Single by 4Minute

from the EP Crazy
- Released: February 9, 2015
- Genre: Hip hop; dance;
- Length: 3:12
- Label: Cube
- Songwriters: Seo Jae-woo; Big Ssancho; Son Young-jin; Hyuna;
- Producers: Seo Jae-woo; Big Ssancho; Son Young-jin;

4Minute singles chronology
| "Cold Rain" (2015) | "Crazy" (2015) | "Hate" (2016) |

Music video
- "Crazy" on YouTube

= Crazy (4Minute song) =

2015 song by 4Minute

"Crazy" is a song recorded by South Korean girl group 4Minute for their sixth extended play, Crazy (2015). The song was written and produced by Seo Jae-woo, Big Ssancho, and Son Young-jin, with co–writing from group member Hyuna. It was released on February 9, 2015 by Cube Entertainment as the second and final single from the EP. A hip hop and dance song with trap influences, it sees the group returning to their signature hip hop indebted sound.

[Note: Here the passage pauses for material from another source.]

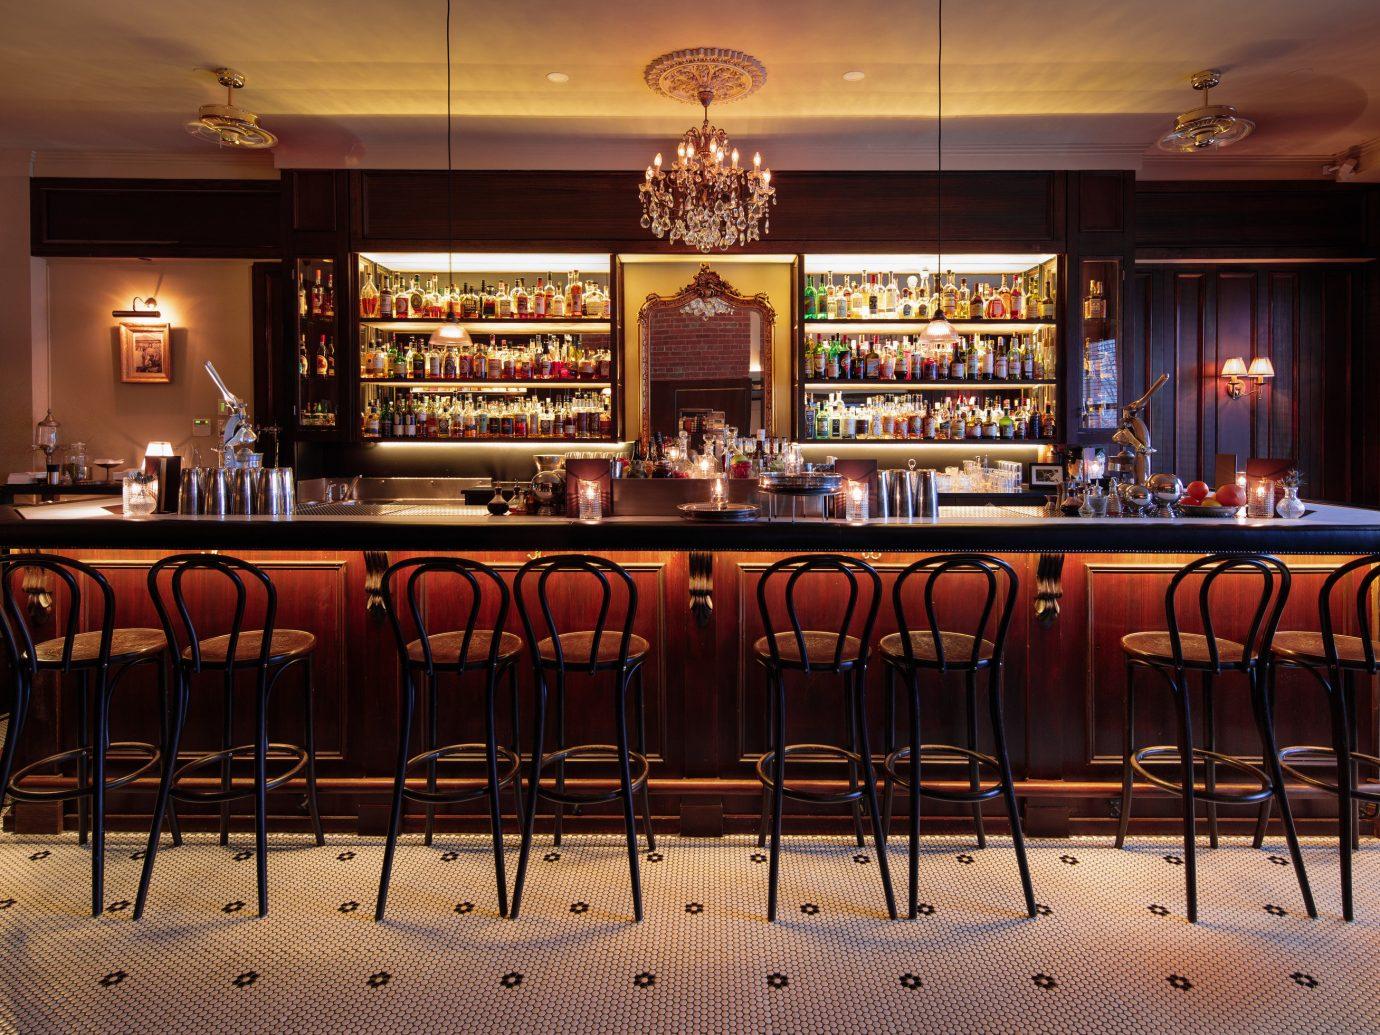 Offbeat Trip Ideas ceiling indoor table Bar interior design restaurant dining room Dining café area
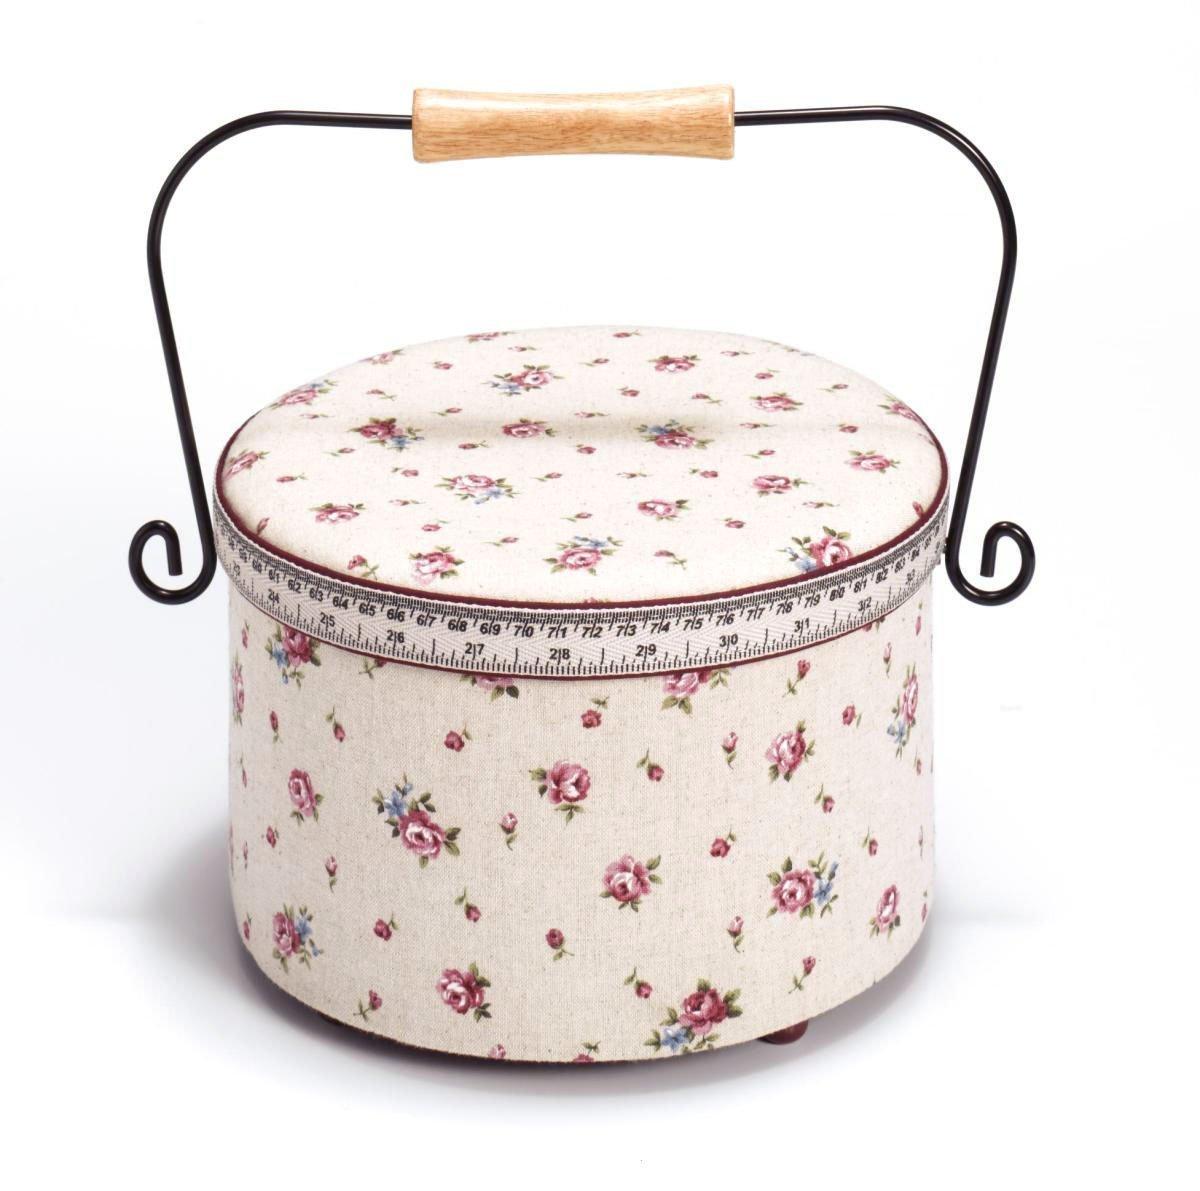 Prym Delicate Country Rose Print Tape Measure and Trim Sewing Basket with Handle, Linen/Metal/Wood, Ivory, Medium PRYM_612140-1

Upon release, "Crazy" received positive reviews from music critics, who praised its production and hip hop sound, as well as 4Minute's vocal delivery. In 2019, Billboard included the song on their list of the 100 best K-pop songs of the 2010s decade. Commercially, it debuted and peaked at number three on South Korea's Gaon Digital Chart, and reached number two on the US Billboard World Digital Songs chart. As of December 2015, the song has sold 664,249 digital units in South Korea.

An accompanying black and white music video was uploaded to 4Minute's YouTube channel simultaneously with the single release, and features moving camera-angle shots of the group performing constant choreography to the song. 4Minute promoted "Crazy" with televised live performances on various South Korean music programs, including M! Countdown, Music Bank, and Inkigayo. The song was also included on the setlist of their April 2015 solo concert in Myanmar.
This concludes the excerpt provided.